Thematically, The Legis juxtaposes:
– Military vs. Mysticism: Myers’ “bio-physics” research weaponizes spirituality, framing chakras as quantum energy sources.
– AI Ethics: The droids, initially designed for training, become puppets of corporate-military greed.
– Lone Wolf Mythos: Hoffa’s code name—“Zulu Element”—evokes both tribal warrior ethos and elemental forces, framing him as a nature-versus-technology avenger.
Characters & Dialogue
Hoffa and Myers are archetypes—the grizzled soldier and morally conflicted scientist—but their interplay suffers from disjointed, exposition-heavy dialogue (“Angel Element, the Ox Bureau has corrupted your droids!”). The Ox Bureau’s facelessness undermines their threat, reducing them to boilerplate villains.

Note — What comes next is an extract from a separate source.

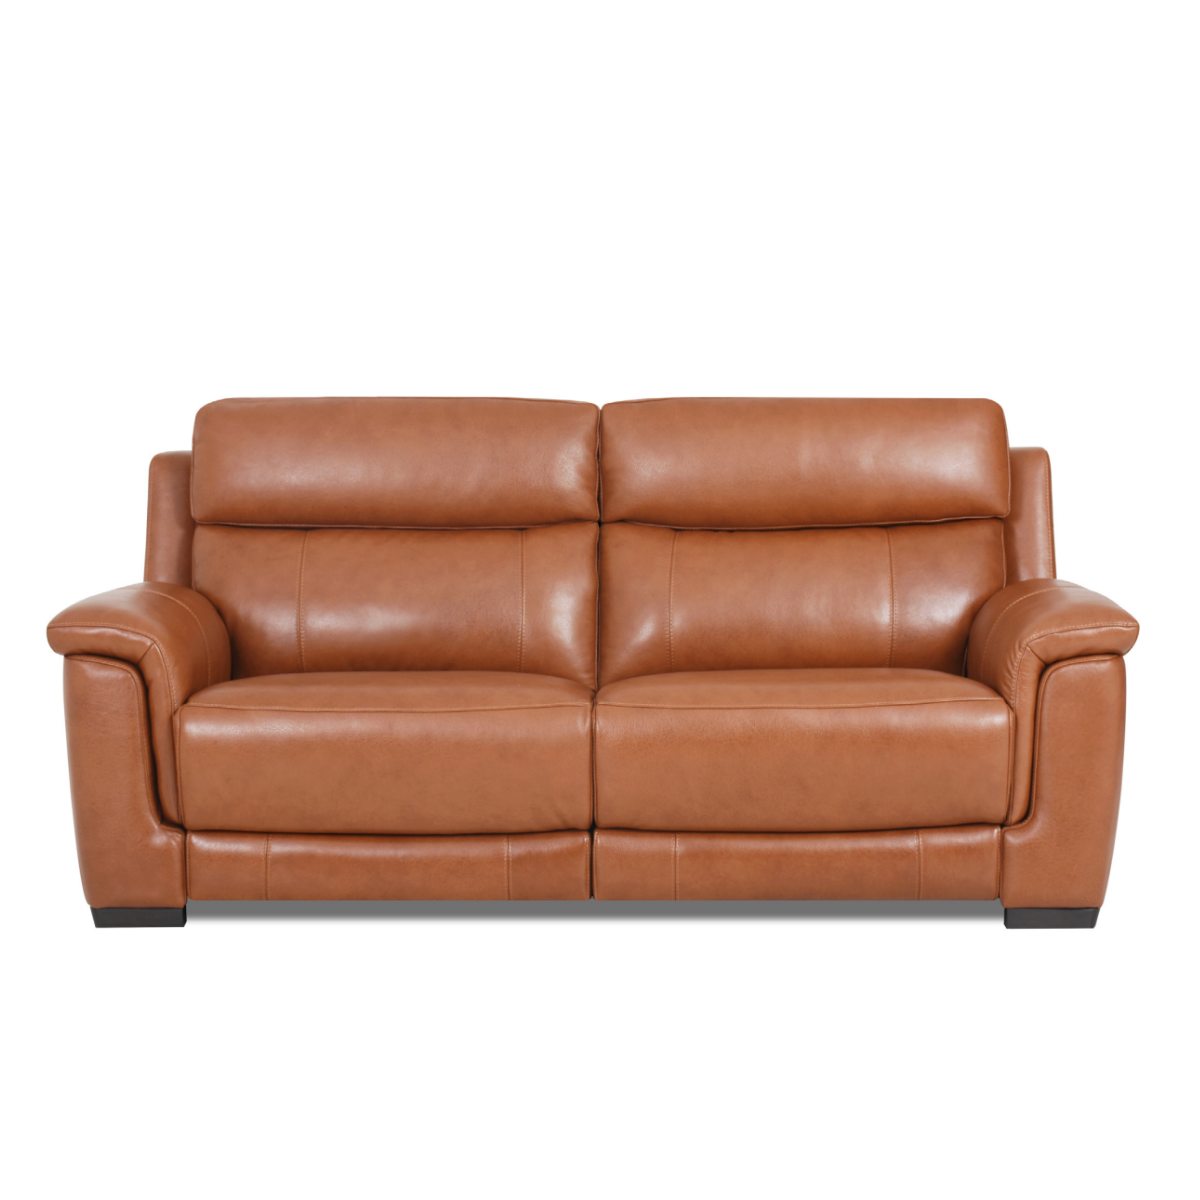 Preston 2 Seater Sofa - Pecan Brown Leather

Gameplay Mechanics & Systems
Core Loop: Cover, Crystals, Chaos
The Legis hinges on third-person cover shooting across claustrophobic base corridors. Four weapons define play:
1. CA-7 Pistol: Standard sidearm with minimal recoil.
2. CA-47 Rifle: Mid-range workhorse.
3. Blue Gem “Area Denial Device”: Functions like a proximity mine, emitting energy pulses.

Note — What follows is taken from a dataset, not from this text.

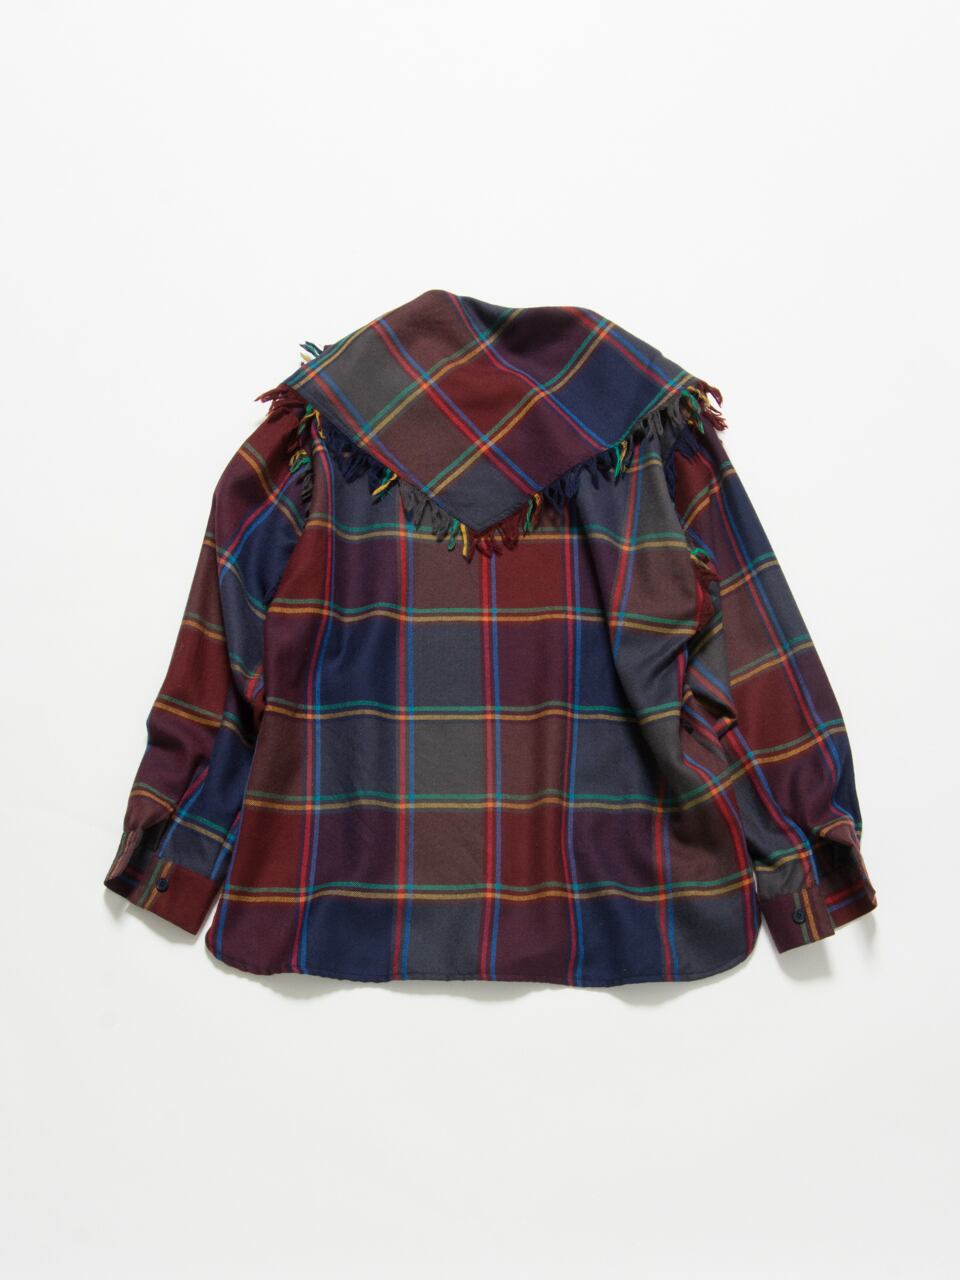 【Guy Laroche】Made in France Pullover design blouse with check patterns（ギラロッシュ フランス製チェック柄プルオーバーデザインブラウス）

4. Gem Crystal Shield: A deployable energy barrier for tactical repositioning.
Combat prioritizes quick flanking and shield management, but janky enemy AI (droids often pathfind erratically) and floaty controls dilute tension. The lack of progression—no unlocks, perks, or difficulty tiers—renders engagements repetitive.
UI & Technical Quirks
The HUD is minimalist to a fault: health/ammo counters lack visual flair, and mission objectives vanish mid-firefight. Bugs noted by users include texture pop-ins and physics glitches (e.g., corpses vibrating through walls). Carr’s “trackball superiority” claim feels like an inside joke—mouse sensitivity tuning mitigates, but doesn’t elevate, the experience.
World-Building, Art & Sound
Aesthetic: Dollar-Store Sci-Fi
Ability Success’ decaying facilities blend Half-Life’s industrial grime with Deus Ex’s retro-futurism, but low-poly assets and repetitive textures sap atmosphere. The droids—crystalline humanoids with glowing cores—are a rare visual standout, evoking Destiny’s Vex.
Sound Design: Sparse but Functional
Gunfire lacks punch (the CA-47’s reports resemble plastic caps), but ambient drones and droid chatter create eerie moments of unease. Hoffa’s voice actor delivers lines with B-movie gravitas, unintentionally campy yet endearing.
Reception & Legacy
Critical Deafening Silence
No critic reviews exist on Metacritic or MobyGames, while Steam user reviews remain absent—a rarity suggesting limited sales or immediate refunds. Two curators briefly featured it, but their assessments are undisclosed.
Proto-Cult Potential
While The Legis hasn’t inspired sequels or mods, its quirks—the chakra technobabble, trackball evangelism—render it ripe for ironic streaming deep-dives. Its legacy lies in proving how even the most obscure titles can embody dev passion amid constraint.
Conclusion
Close Quarters Supremacy: The Legis is an earnest misfire—an indie shooter straining for epicness with duct-taped systems and lore. Its narrative ambition outpaces execution, its gunplay teeters between serviceable and broken, and its obscurity feels tragically earned. Yet, like a bootleg VHS of a forgotten straight-to-video thriller, it fascinates as a case study in uncompromising, idiosyncratic design. For historians, it’s a footnote; for masochistic genre completists, a curiosity. Ultimately, it embodies the indie spirit’s duality: a flawed but sincere artifact screaming to be exhumed, if only for autopsy. 5/10 – A diamond in the rough, if diamonds were cubic zirconia hurled into a landfill.